Northern Cape MEC for Nature Conservation and Environmental Affairs
- In office 30 May 2014 – 15 February 2018
- Premier: Sylvia Lucas
- Preceded by: Patrick Mabilo
- Succeeded by: Pauline Williams

Northern Cape MEC for Social Development
- In office 5 June 2013 – 30 May 2014
- Premier: Sylvia Lucas
- Preceded by: Alvin Botes
- Succeeded by: Mxolisa Sokatsha

Member of the Northern Cape Provincial Legislature
- In office 6 May 2009 – 7 May 2019

Personal details
- Born: 5 March 1962 (age 64) Gatlhose, Cape Province, South Africa
- Party: African National Congress
- Education: Batlharo Tlhaping High School
- Alma mater: Thaba Nchu College of Education University of Port Elizabeth
- Known for: Politician

= Tiny Chotelo =

South African politician (born 1962)

Cukelwa Magdeline Chotelo, (known as Tiny Chotelo; born 5 March 1962), is a South African politician. A member of the African National Congress, she was elected to the Northern Cape Provincial Legislature in 2009. In 2013 she was appointed Member of the Executive Council (MEC) for Social Development. She was appointed MEC for Nature Conservation and Environmental Affairs in 2014. Chotelo was demoted from the Executive Council in 2018 and left the legislature in 2019.

== Early life and education ==
Chotelo was born into a Tswana family on 5 March 1962 in Gatlhose in South Africa's former Cape Province. She attended Batlharo Tlhaping High School. She received a diploma from Thaba Nchu College of Education. From the University of Port Elizabeth she holds a higher diploma in education.

==Career==
Chotelo was Deputy Chairperson of Women's Manyano and the Head of Department at the Gamocwaedi Primary School in Deurhaam, Kuruman. In 1996 she became a branch executive member of the ANC's Joe Morolong branch. She became the branch's deputy secretary in 1998. Chotelo was promoted to the treasurer in 2000 and became a member of the executive committee of the Kgalagadi region. In 2004 she became deputy chair of an African National Congress Women's League branch. Chotelo was elected to the provincial executive committee in 2009.

==Provincial government==
She was elected to the Northern Cape Provincial Legislature in the general election held on 22 April 2009 and took office as a member on 6 May 2009. She was then appointed chairperson of the Agriculture, Roads and Public Works committee. In 2010 she was elected chairperson of chairpersons and chairperson of the Safety and Liaison and Roads and Public Works committee.

Chotelo was selected to be the Member of the Executive Council for Social Development by premier Sylvia Lucas on 5 June 2013. Chotelo succeeded Mxolisa Sokatsha.

After the 2014 general election, Chotelo took office for her second term as a member of the legislature on 21 May 2014. On 30 May, Lucas announced her new Executive Council.

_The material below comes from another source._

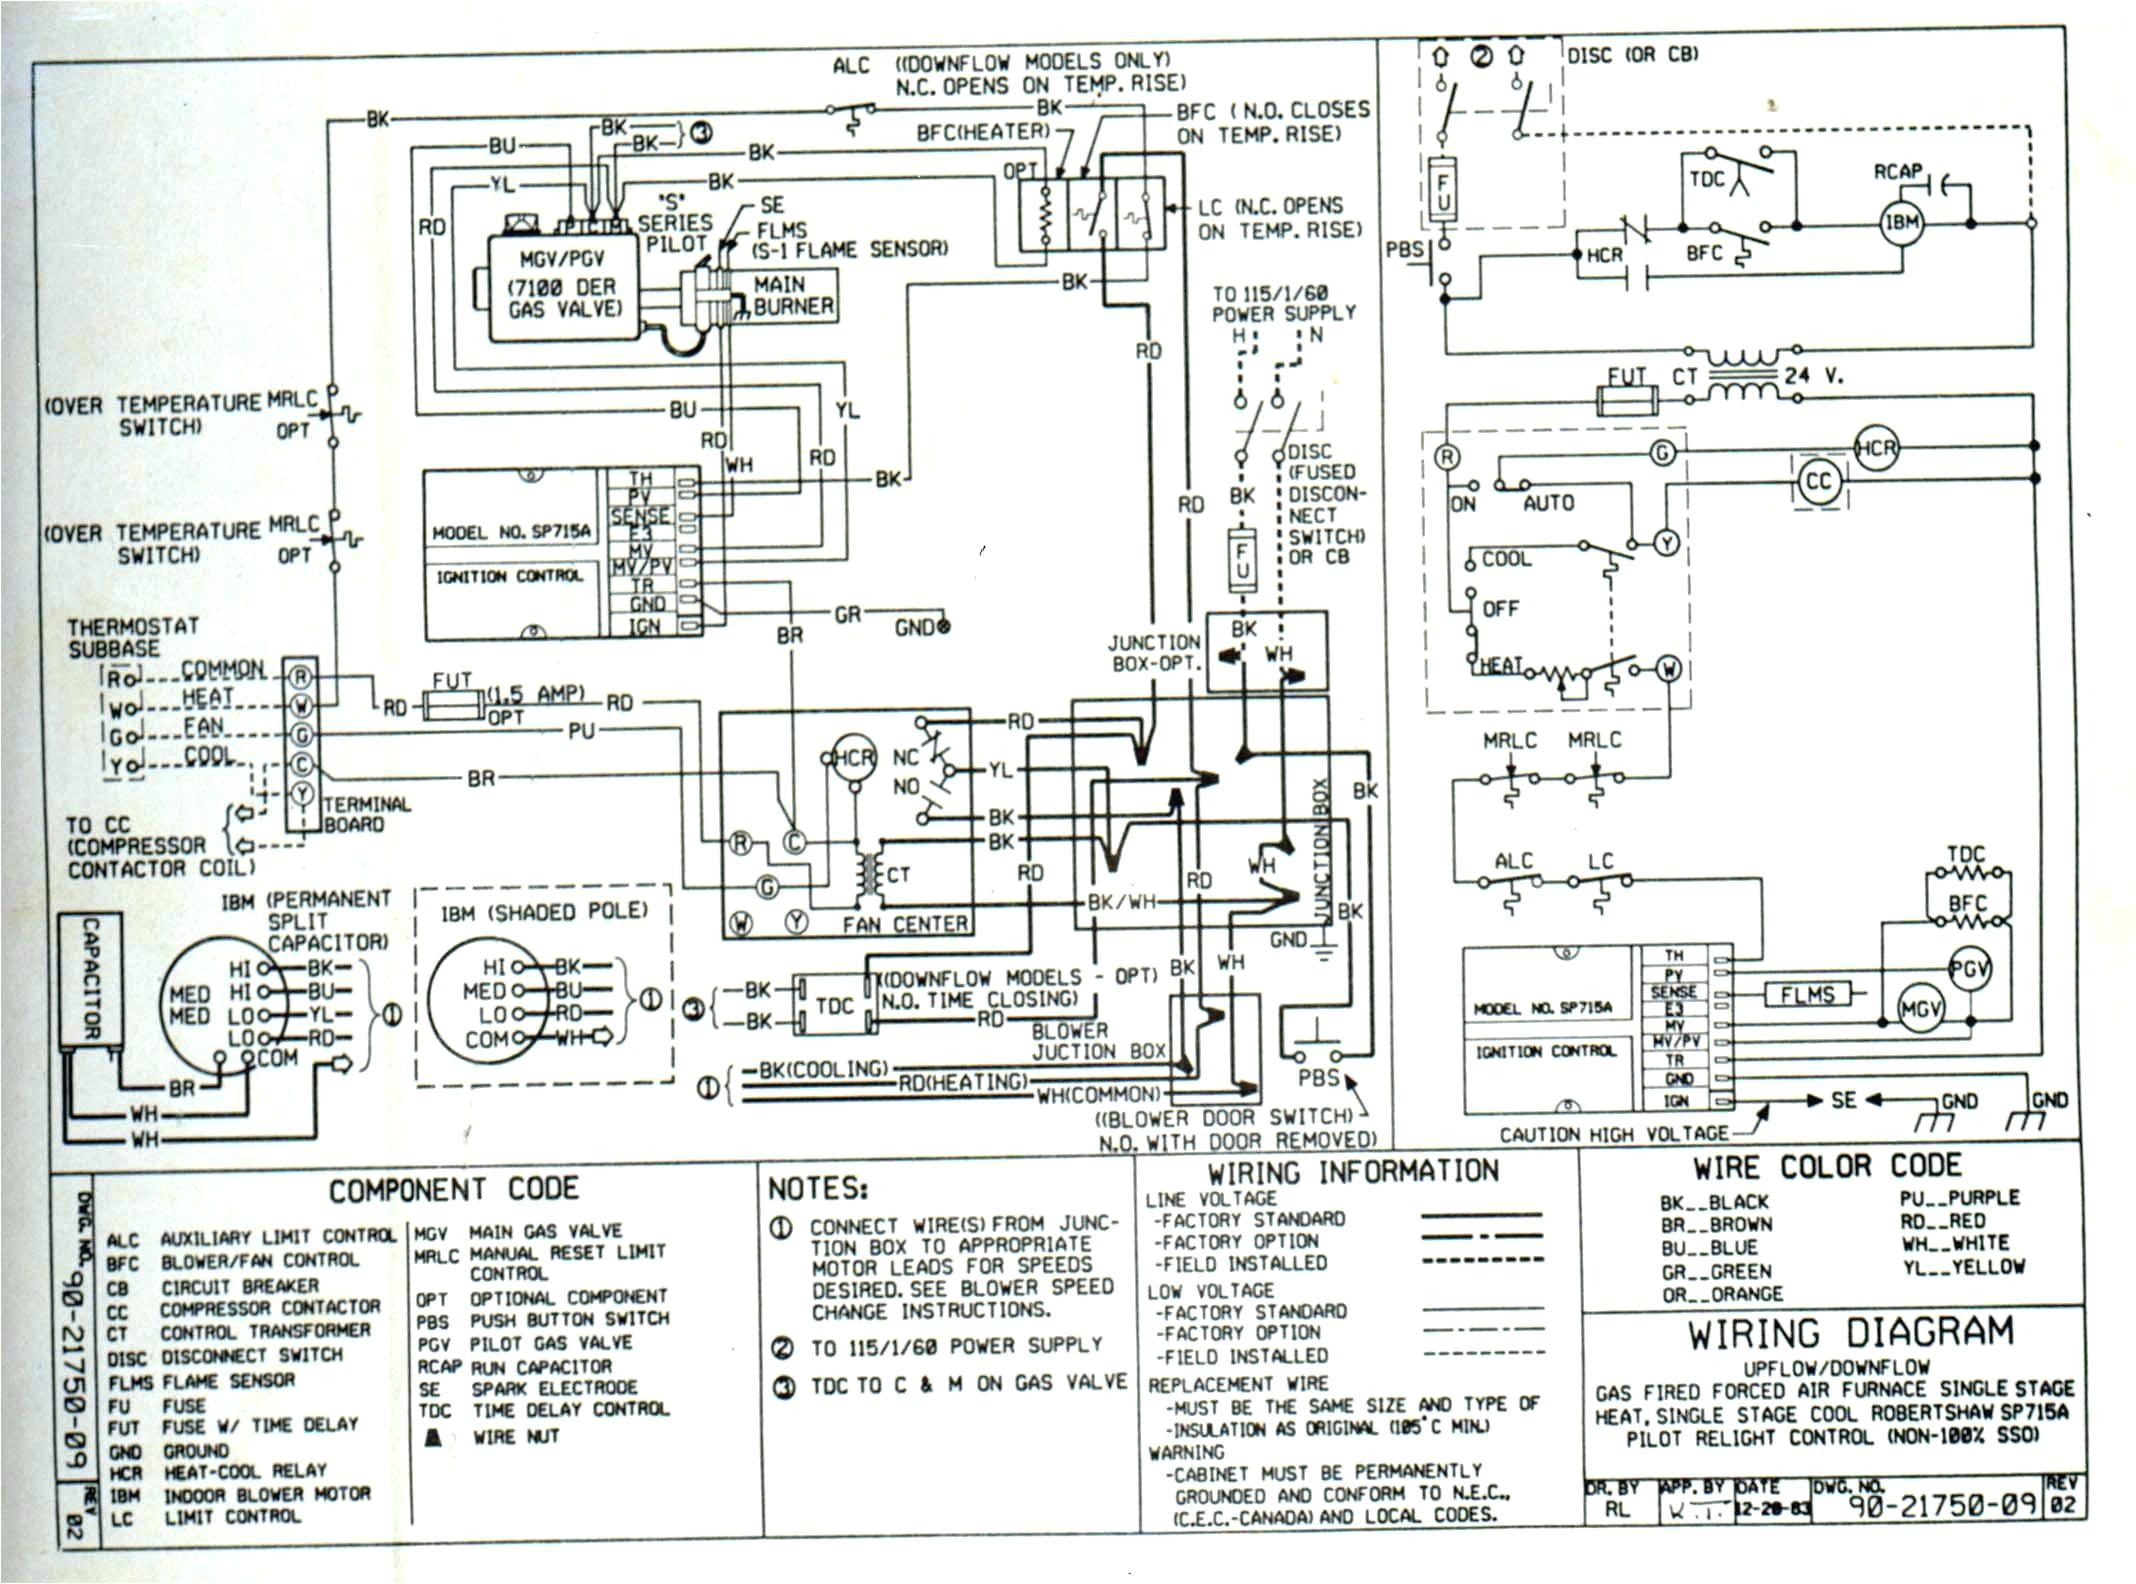 trane wiring schematics wiring diagram mega trane wiring diagrams 2307 5588

She named Chotelo the MEC for Nature Conservation and Environmental Affairs, succeeding Patrick Mabilo. She was demoted from the Executive Council in February 2018.

Chotelo left the provincial legislature in May 2019, as she did not place on the ANC's candidate list for the 2019 general election.

==Personal life==
Chotelo is married with three children.